------ Records shown

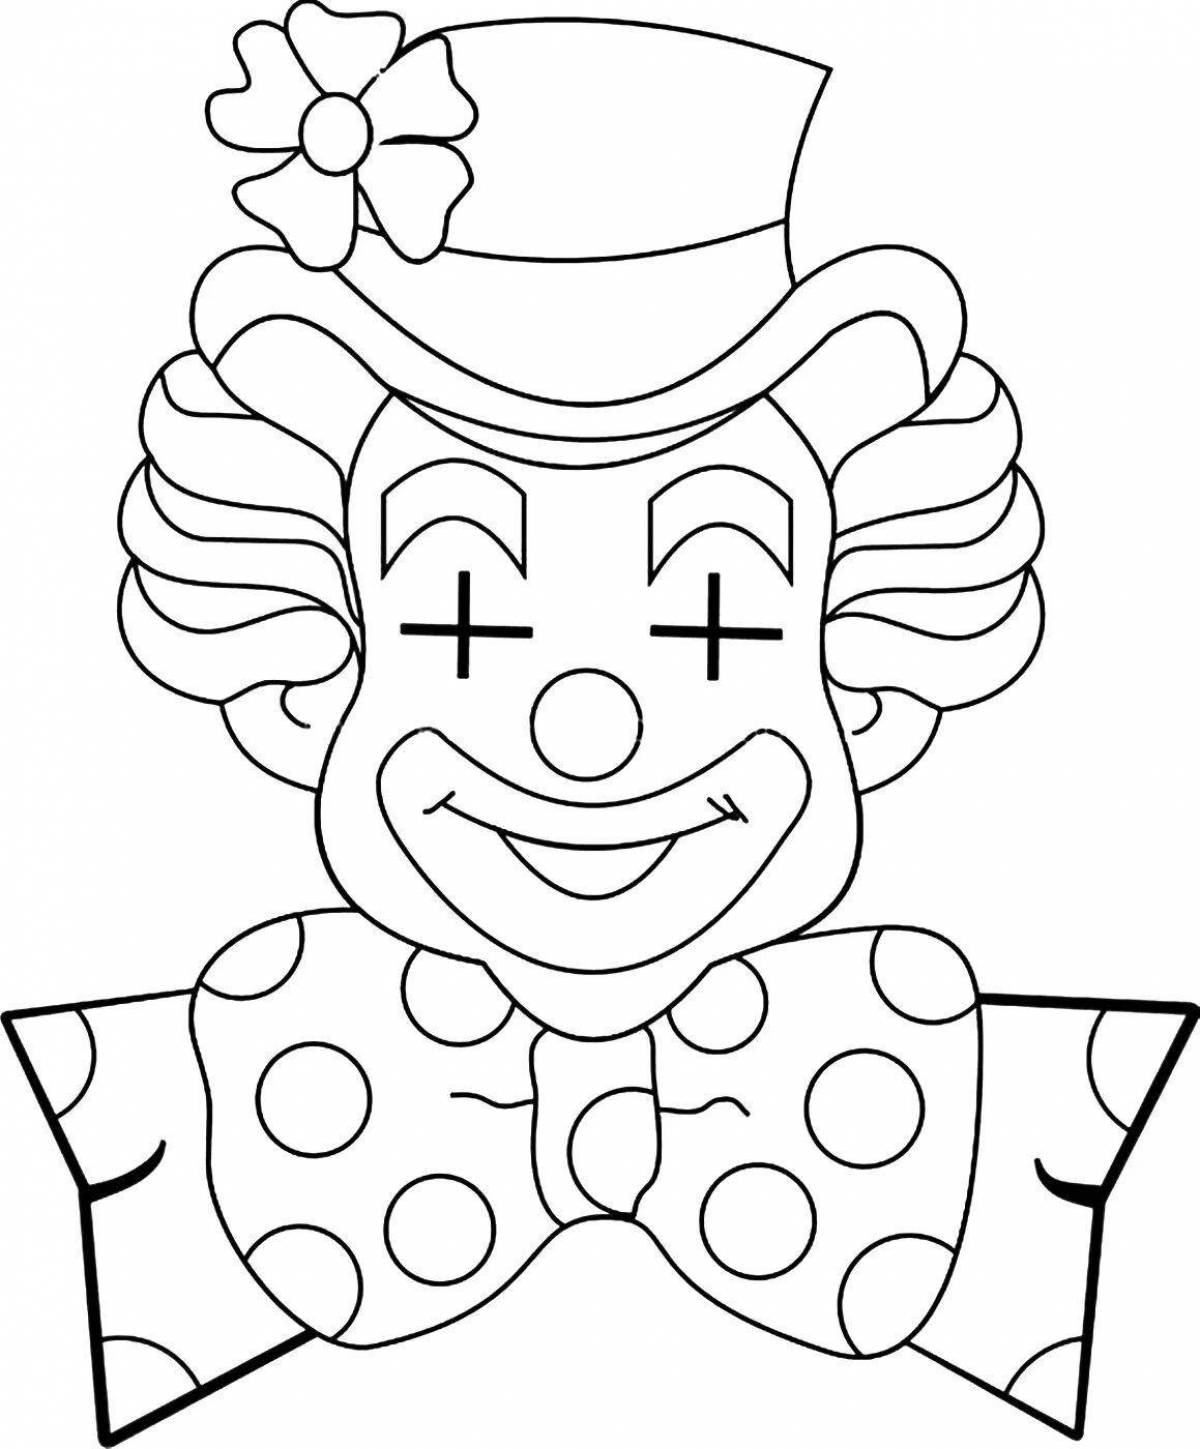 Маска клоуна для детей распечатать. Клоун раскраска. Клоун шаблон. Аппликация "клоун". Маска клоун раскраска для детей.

------------
------ Records shown

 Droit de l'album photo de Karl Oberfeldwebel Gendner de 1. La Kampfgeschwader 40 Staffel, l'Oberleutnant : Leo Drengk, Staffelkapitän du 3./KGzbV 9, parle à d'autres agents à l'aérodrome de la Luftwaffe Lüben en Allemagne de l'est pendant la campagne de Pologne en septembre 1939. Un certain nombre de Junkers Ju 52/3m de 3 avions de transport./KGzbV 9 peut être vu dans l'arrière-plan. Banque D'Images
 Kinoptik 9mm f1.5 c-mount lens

------------
------ Records shown

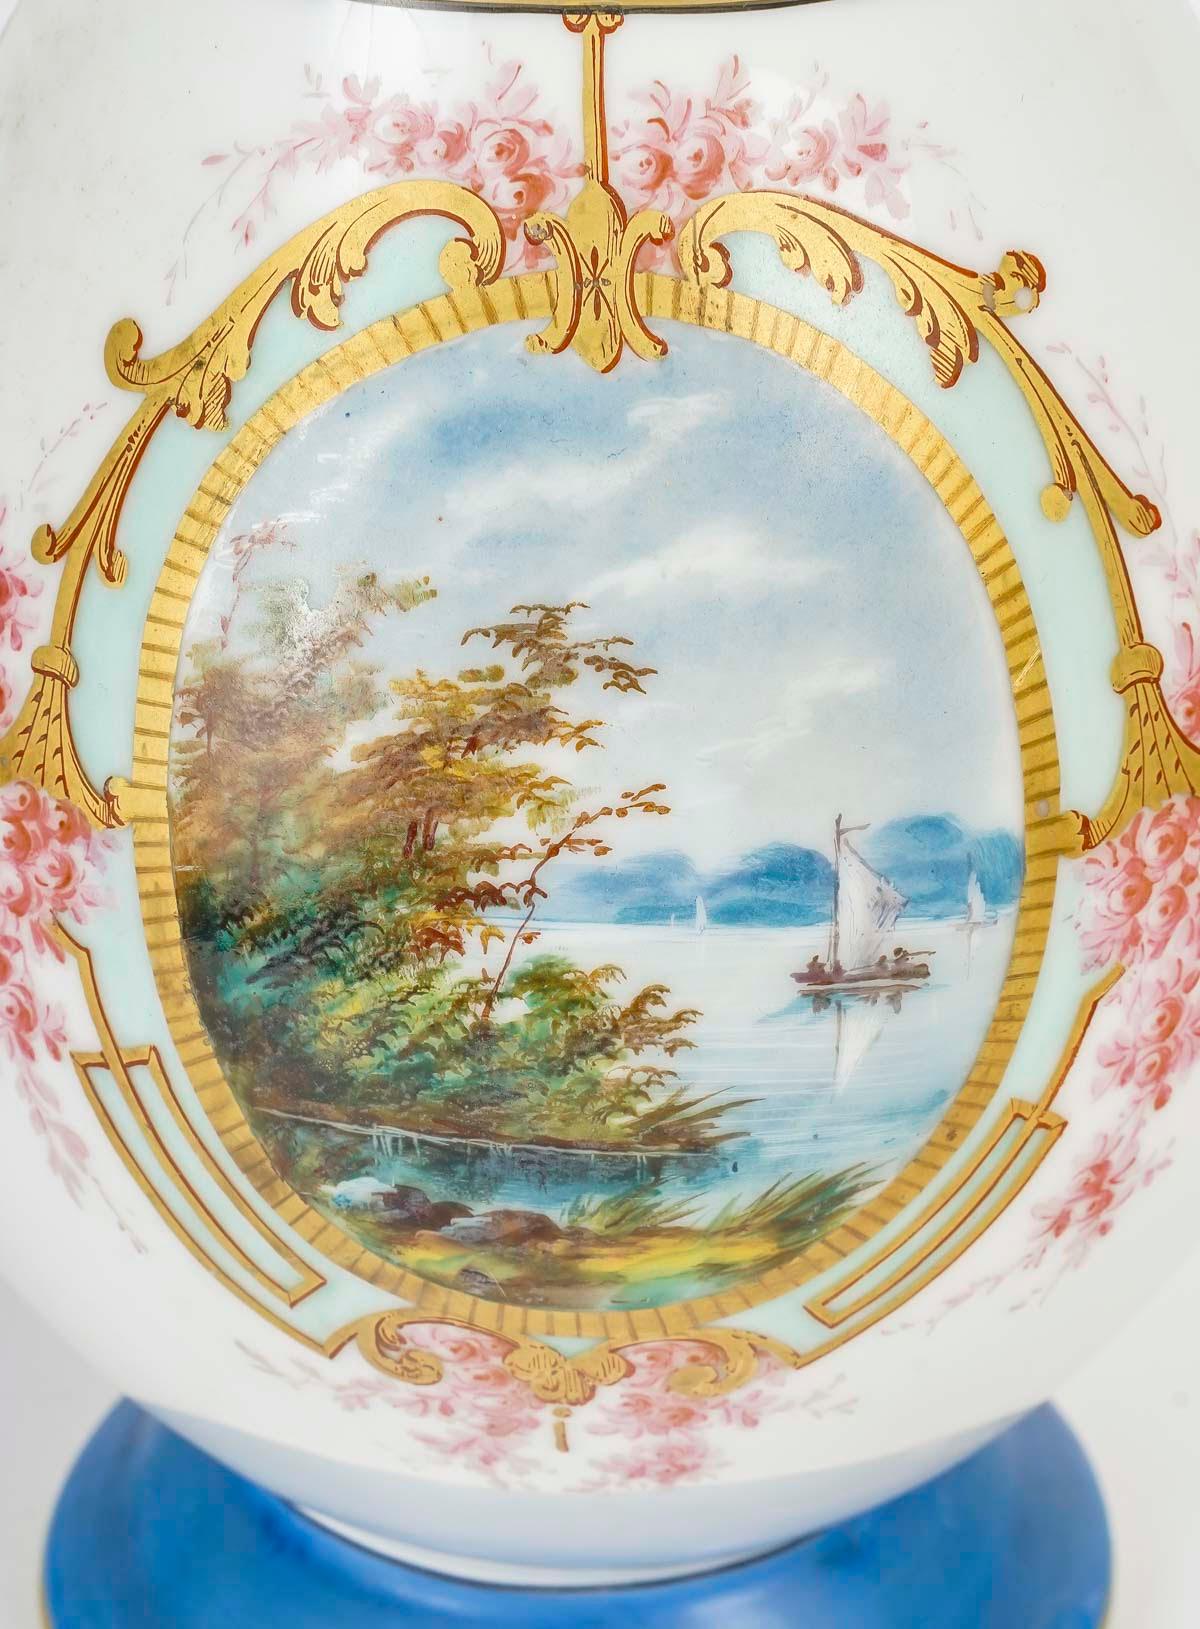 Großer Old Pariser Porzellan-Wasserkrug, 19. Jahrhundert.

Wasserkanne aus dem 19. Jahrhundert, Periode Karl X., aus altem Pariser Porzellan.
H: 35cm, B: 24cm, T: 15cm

------------

Task to complete | Everything above from the line containing "Großer Old Pariser" down to the line containing "H: 35cm, B: 24cm, T: 15cm" is to be duplicated exactly, both lines included, and the pictures are to be omitted.

Solution for this task |
 Großer Old Pariser Porzellan-Wasserkrug, 19. Jahrhundert.

Wasserkanne aus dem 19. Jahrhundert, Periode Karl X., aus altem Pariser Porzellan.
H: 35cm, B: 24cm, T: 15cm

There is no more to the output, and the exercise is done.